Al Gore est l’ex-futur président des USA, comme il plait à se présenter de façon ironique, son destin politique ayant été contrarié par les mœurs électorales bizarres des machines à voter de Floride (dont le gouverneur est Jeb Bush), et le penchant droitier des juges de la Court Suprême (dont beaucoup nommés par les Bush). Du coup, ça lui a donné beaucoup de temps libre pour s’intéresser à un sujet qui lui tient particulièrement à cœur, le réchauffement de la Terre.
Depuis 5 ans, il parcourt donc les États-Unis et les grandes villes de la planète, pour un cycle de conférences extrêmement bien fait, très pédagogique, bien documenté et à la portée de tous. Ce sont ces conférences qui forment l’ossature de ce documentaire, entrecoupées de réflexion sur sa vie et son engagement politique.
Il présente l’ensemble des faits disponibles, illustrés et commentés de façon claire (schémas, photos, vidéos), avec un humour qu’on ne lui connaissait pas. Il réfute les arguments bidons invoqués par les lobbys pétroliers via des campagnes de désinformation dans les médias grand public. Il explique les mécanismes en jeu, les preuves incontestables accumulées depuis des années (fontes des glaciers et des banquises, augmentation des températures, des ouragans et cyclones, …). Il souligne les conséquences prévisibles si rien n’est fait pour renverser la tendance (montée des eaux, dérèglements climatiques et écologiques, ressources en eaux et en terres agricoles). Il rappelle les succès passés dans le domaine du trou de la couche d’ozone, maintenant de l’histoire ancienne grâce à l’interdiction des CFC. En s’obstinant à ne pas s’aligner sur les critères de Kyoto, les USA sont même en train de creuser la tombe de toute leur industrie automobile, moins efficace en terme de performance et de propreté écologique que tous les pays émergents, Chine comprise.

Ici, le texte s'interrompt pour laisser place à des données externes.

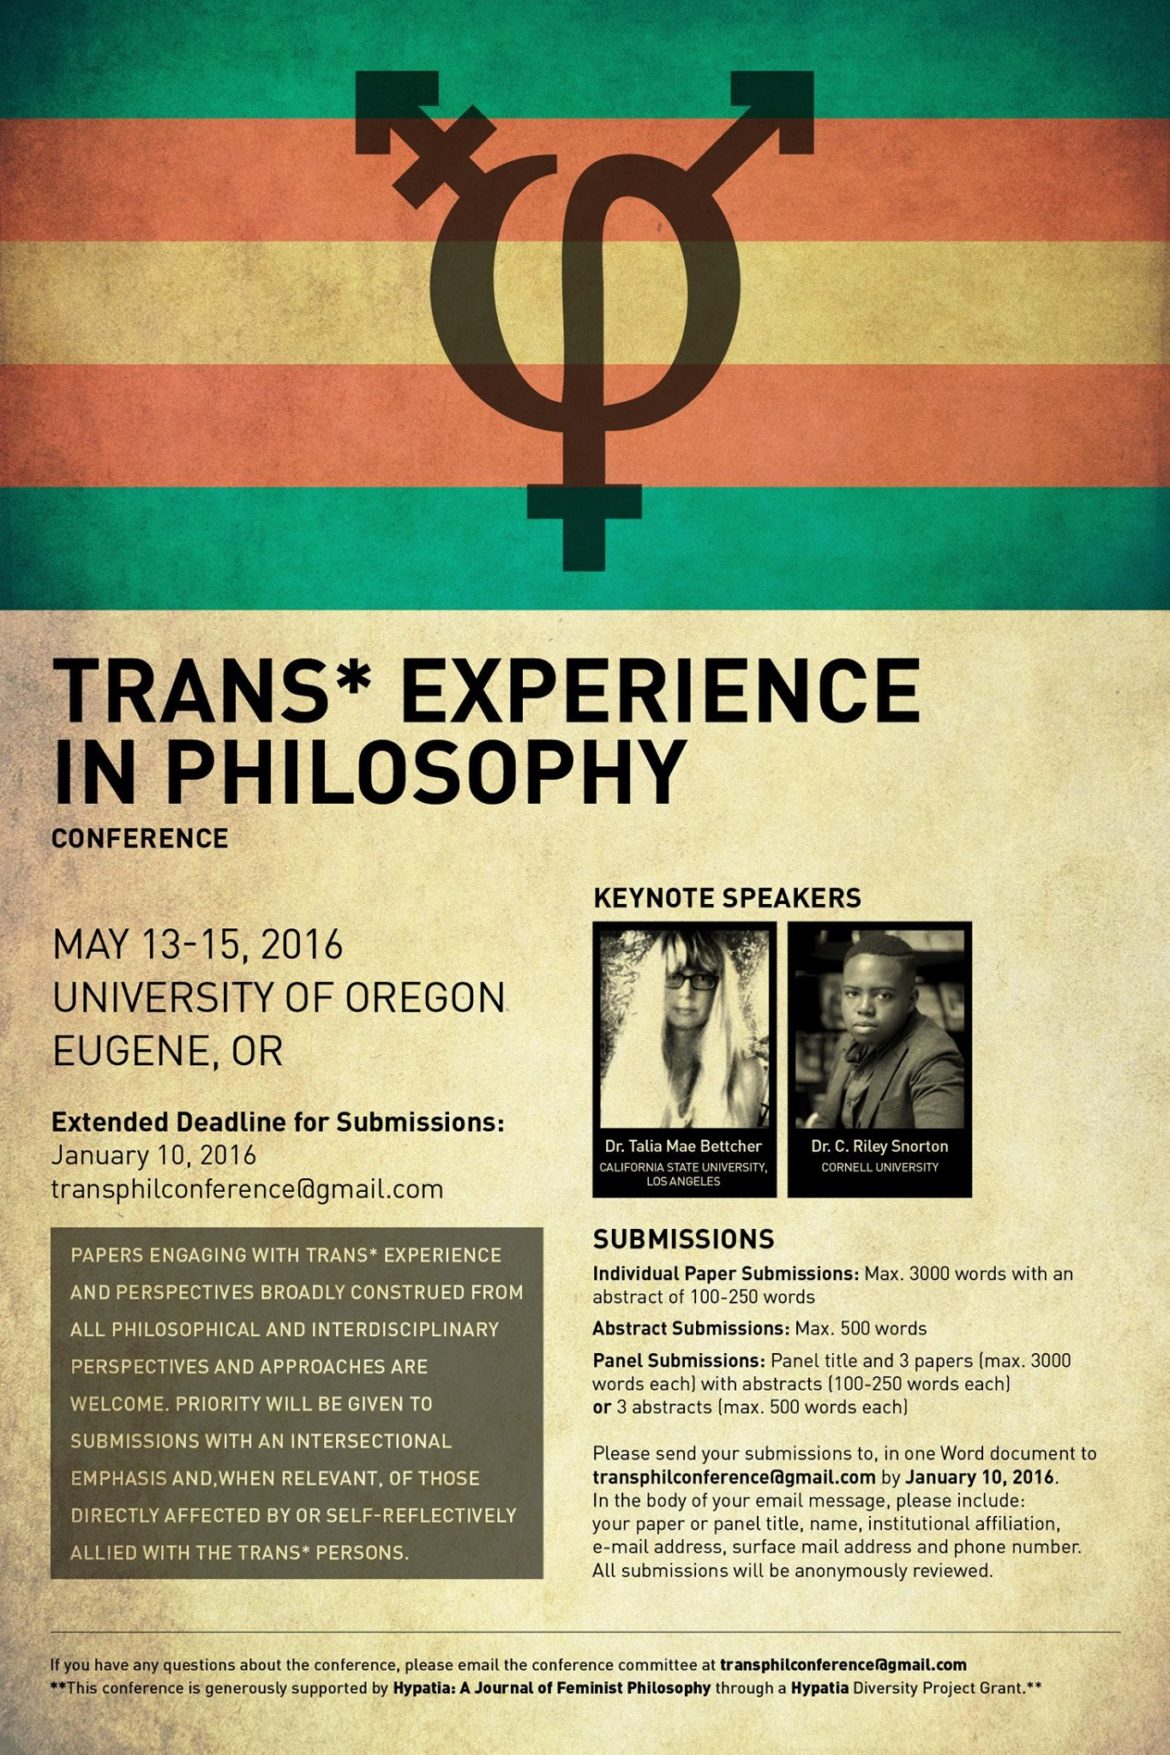 Conference flyer for the Trans* Experience in Philosophy Conference in May 2016.

Le point faible de son raisonnement est l’appel à la responsabilité civique des citoyens pour obliger les politiques à prendre le problème à bras le corps. On sent bien, sous sa foi en la Raison et la Démocratie, un discours pessimiste et désabusé ainsi qu’une certaine lassitude à devoir sans cesse rabâcher les mêmes évidences. Le parallèle avec l’industrie du tabac est particulièrement intéressante. Malgré l’implication personnelle de certains, malgré la multiplication des cancers du poumons, malgré des lois de plus en plus restrictives, il reste toujours difficile, même aux États-Unis, d’éradiquer un tel fléau.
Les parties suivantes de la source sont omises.